Village Shalom is Five-Year-Old’s Top Pick as Party Place

Like most other five-year-olds, Alexandra “Alex” Greenberg was excited about her birthday party and all its festivities: a piñata, balloon races, and activity stations where her friends could decorate cupcakes, string beads, make decorative placemats and create a “happy birthday” bouquet of popsicle-stick flowers. She was also excited about where she was having her party – Village Shalom.

 

 

 

Alex shows off the “happy birthday bouquet” that she and her friends created at her party. The bouquet will remain at Village Shalom for residents to enjoy on their birthdays.

 

Not many preschoolers have their birthday parties at a retirement community, but Alex is not your typical five-year-old. For her, birthdays are about giving rather than receiving. “I decided I want to help people,” Alex said. In fact, her party invitation requested that her friends make donations to Village Shalom instead of bringing birthday presents for her.

 

“We try to do a mitzvah on our birthdays,” explained her mother, Debbie Greenberg. That means that the Greenberg family – Debbie and Greg, and their daughters Jessica and Alex – each find a way to do a good deed when birthday time comes. For example, Jessica recently celebrated her 12th birthday by inviting her friends to join her at a local animal shelter to clean the cages.

 

For Alex, Village Shalom was a natural choice as a party venue. She has been a regular visitor there for more than a year as part of the monthly “Moms & Munchkins Mitzvah Moments” playgroup her mother organized.

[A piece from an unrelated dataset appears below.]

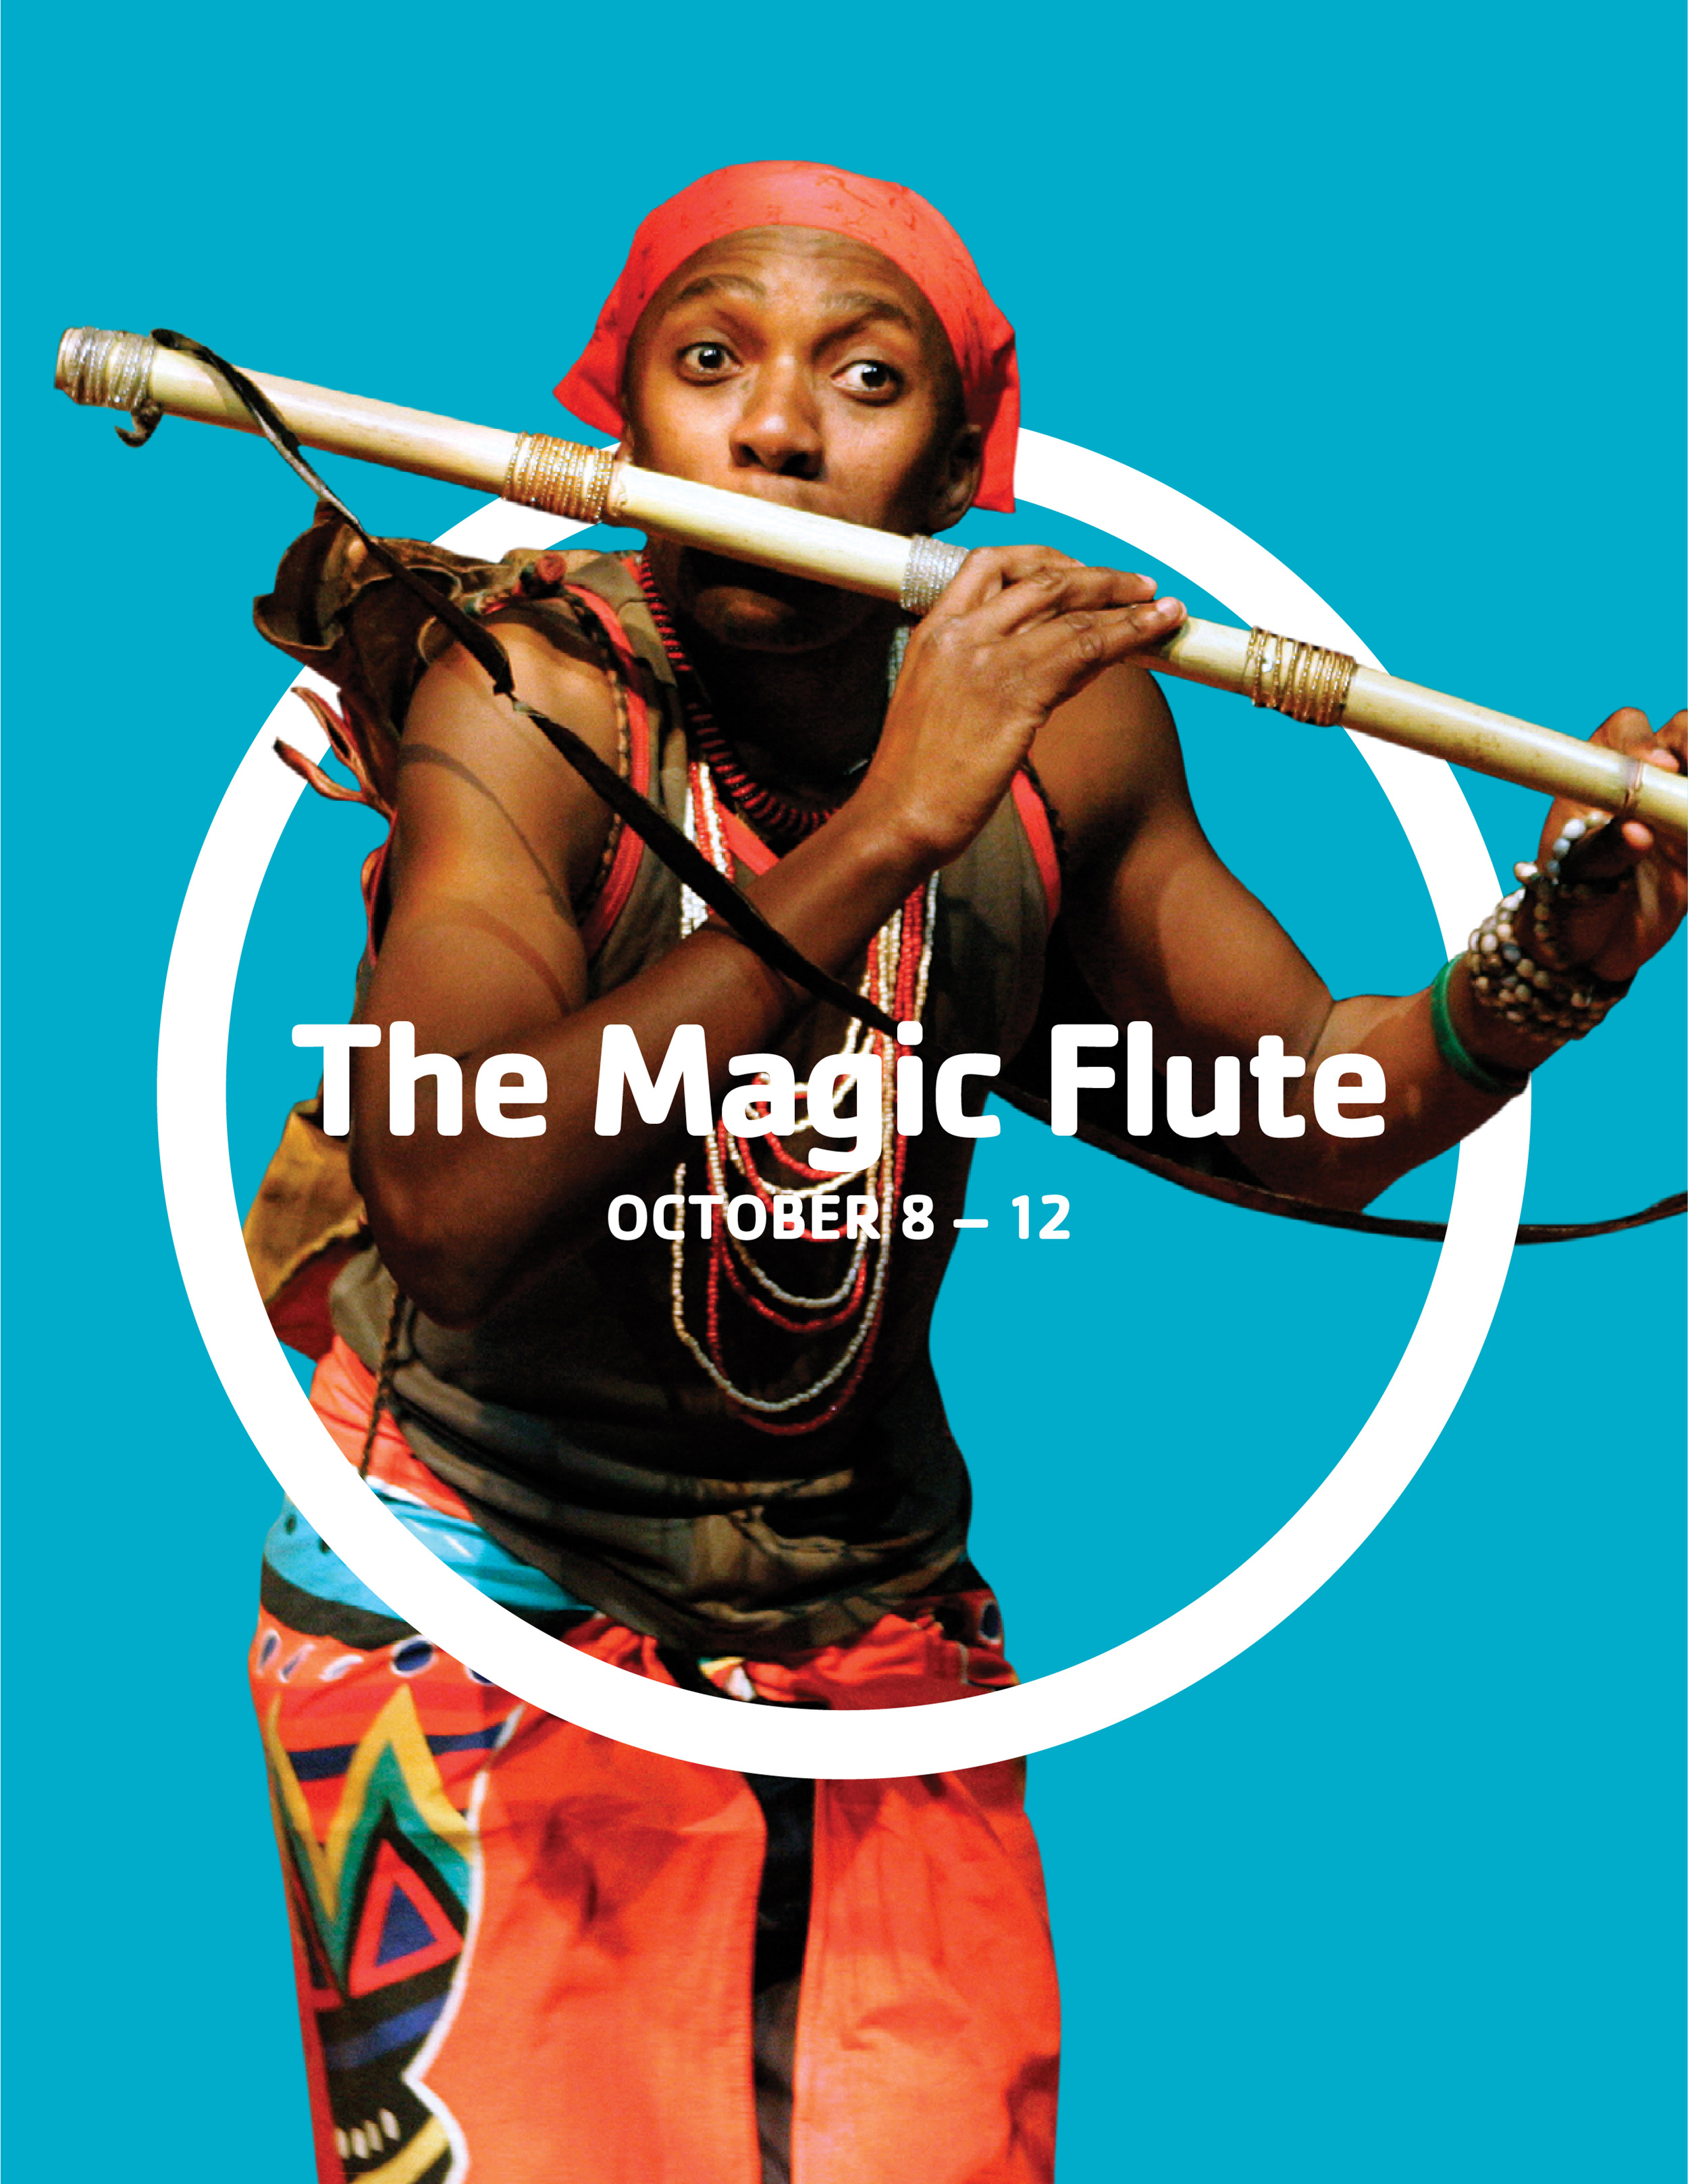 distinc_The_Broad_Stage_magic-flute.jpg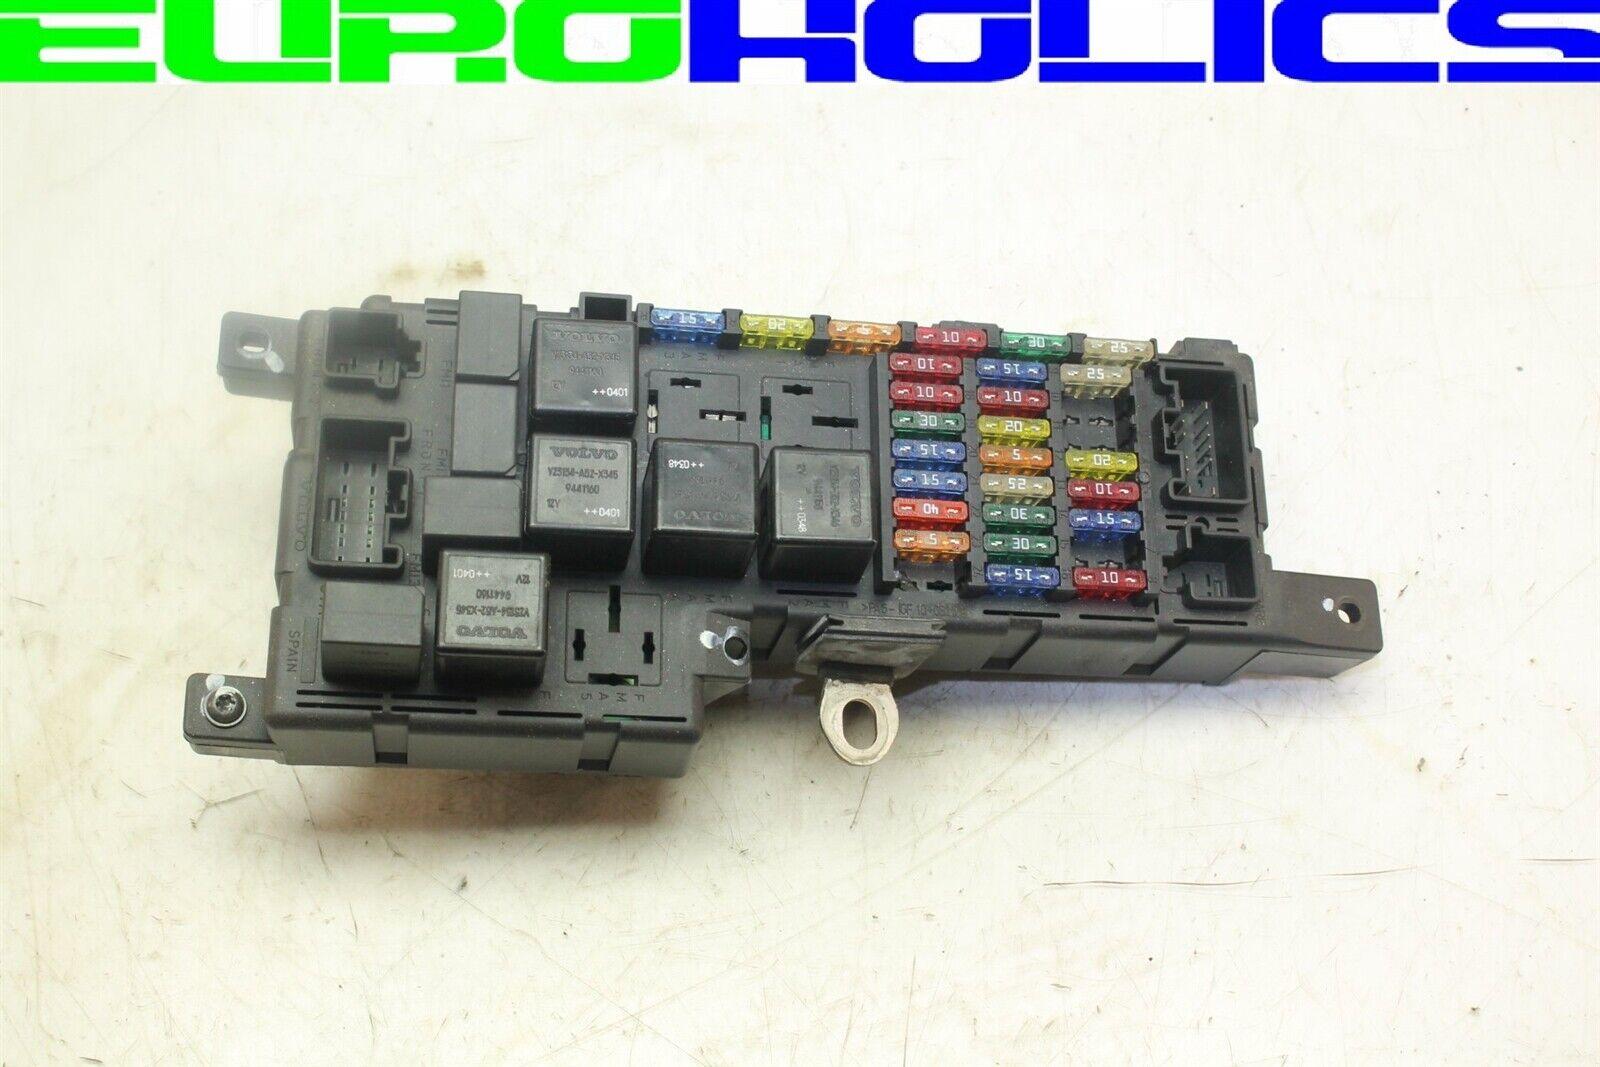 05-14 Volvo Xc90 Engine Fuse Box Relay Block Panel 28017881 OEM for sale  online   eBay   Volvo Xc90 Engine Fuse Diagram      eBay

Debbie had discovered the Little Village area at Village Shalom – a playroom filled with toys and play equipment for young children – and decided it would be nice to provide a regular opportunity for moms and kids to share some time with one another and with Village Shalom residents. The group meets the first Monday of every month.

 

Moms & Munchkins has become such an important part of Alex’s life, Debbie related, that “every Monday after her piano lesson, Alex asks, ‘Is this the week we get to go to Village Shalom?’ Her piano teacher has heard her talk about it so much that now [the teacher] is thinking of having a recital there.”

 

With Village Shalom being such a friendly, familiar place for Alex, it is only natural that she has befriended a number of Village Shalom residents. She made certain that they were invited to her birthday party, along with about a dozen of her preschool friends. It made for a truly intergenerational celebration that offered something fun for everyone.

 

What did Alex enjoy most about her party? “The piñata,” she said unequivocally, “because my daddy gave me extra candy.”

 

But even extra candy didn’t sidetrack Alex from the more important meaning of her party: “I was helping make the people who live [at Village Shalom] feel better,” she added. “It makes the older people happy when the kids come.”